Let us go back to the case of one feature/variable. This time, we consider the relation between life expectancy and BMI.

In [174]:
plt.plot(bmi, age_of_death, "o")
Out[174]:
[<matplotlib.lines.Line2D at 0x123702550>]

We can see that the relation is not really linear.
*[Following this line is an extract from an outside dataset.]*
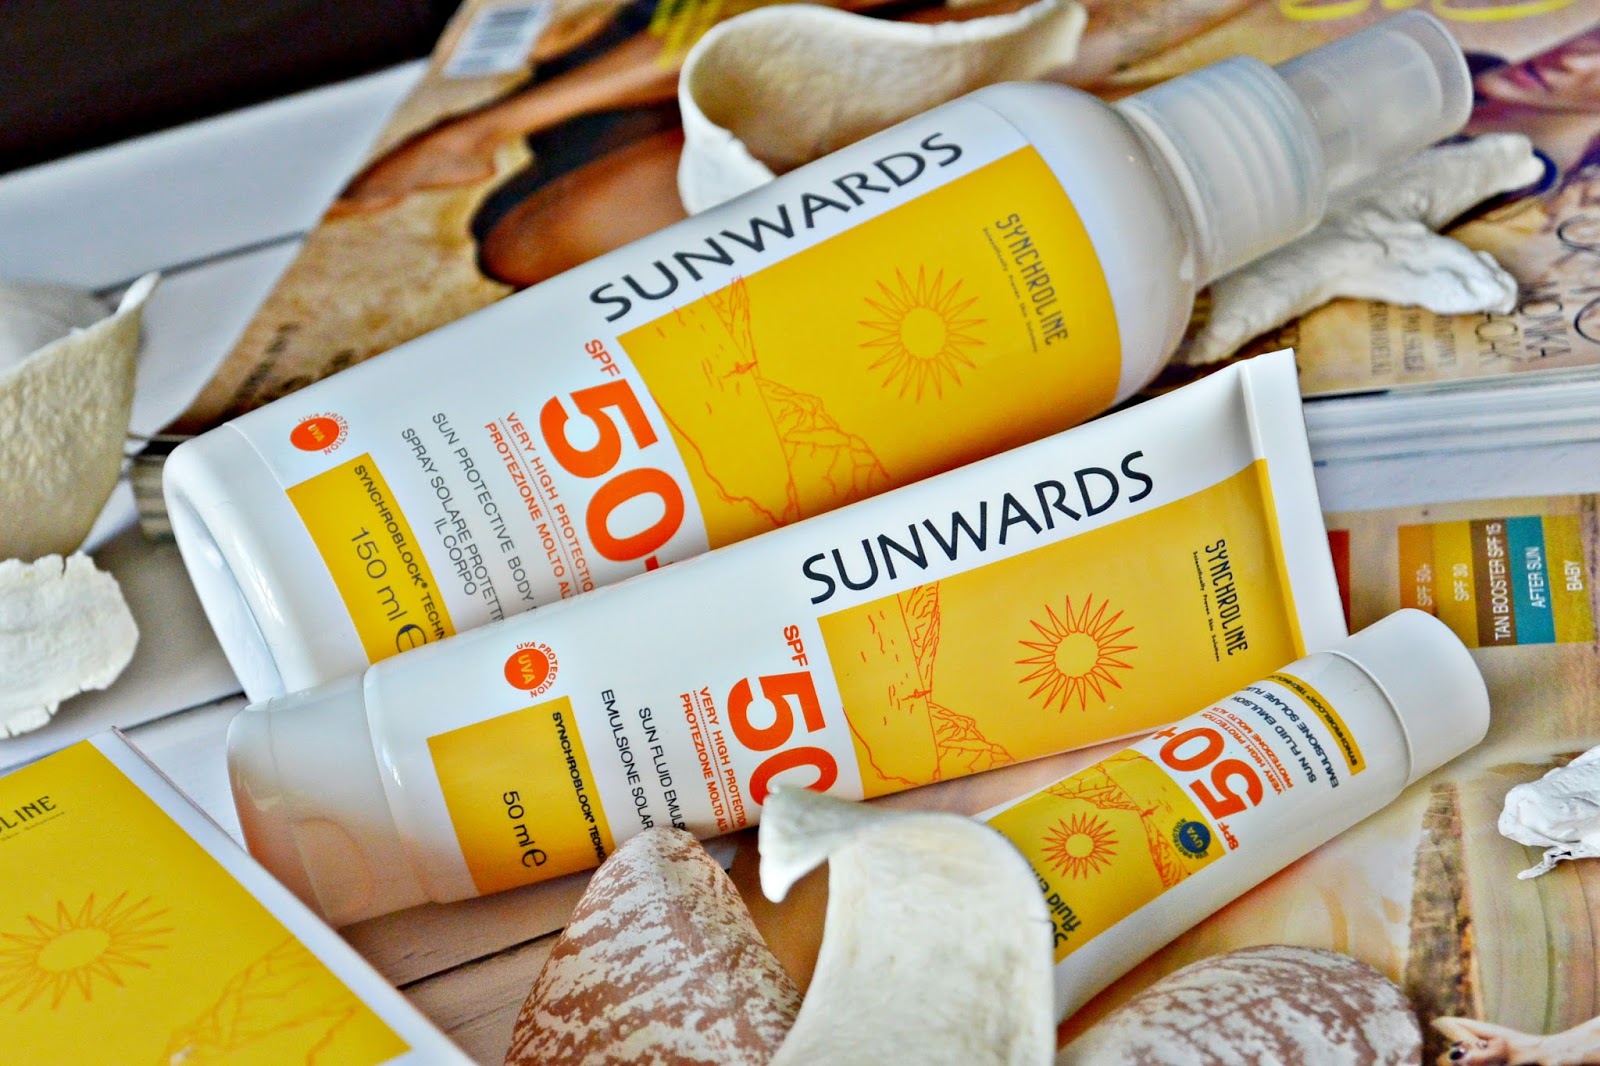 SUNWARDS Synchroline w trosce o ochronę skóry przed promieniowaniem UV
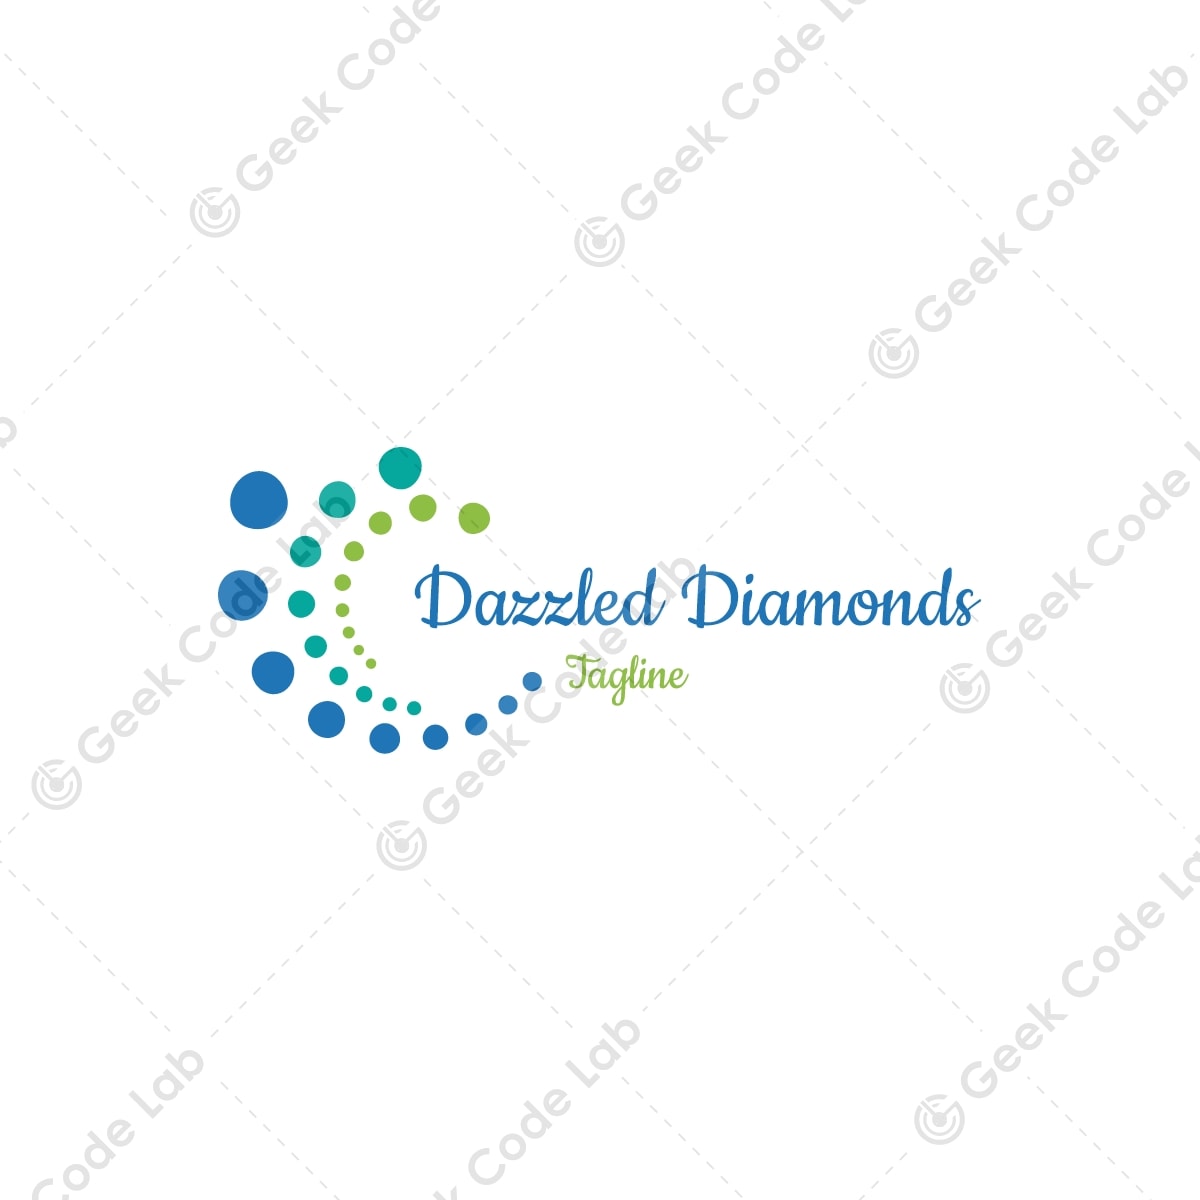 Dazzled Diamonds

Maybewe can use a Polynomial model instead of a linear model.Fortunately, we can re-use our multi-variable linear model by replacing the other features with powers of the bmi.

In [175]:
thetas_bmi = np.random.randn(4)

We then do the gradient descent as before:

In [176]:
for numiter in range(1000):
    thetas_bmi = thetas_bmi - 0.1*grad_loss(thetas_bmi, bmi_scaler(bmi),
                                                            bmi_scaler(bmi)**2, 
                      bmi_scaler(bmi)**3, age_of_death)
print(f"loss: {loss(thetas_bmi, bmi_scaler(bmi), bmi_scaler(bmi)**2, bmi_scaler(bmi)**3, age_of_death)}")
print(thetas_bmi)
print(grad_loss(thetas_bmi, bmi_scaler(bmi), bmi_scaler(bmi)**2, 
                       bmi_scaler(bmi)**3, age_of_death))
loss: 99.57724652636907
[ 70.26741759 -36.00818861 -61.36098835  -8.76070792]
[-0.04448333  0.00533645  0.36555441  0.01977643]
In [177]:
bmi_x = np.linspace(12, 50)
plt.plot(bmi, age_of_death, "o")
plt.plot(bmi_x, model(bmi_scaler(bmi_x), bmi_scaler(bmi_x)**2, 
                      bmi_scaler(bmi_x)**3, thetas_bmi))
Out[177]:
[<matplotlib.lines.Line2D at 0x12372b828>]

We can see that the model predict the data much better than a simple linear regression now.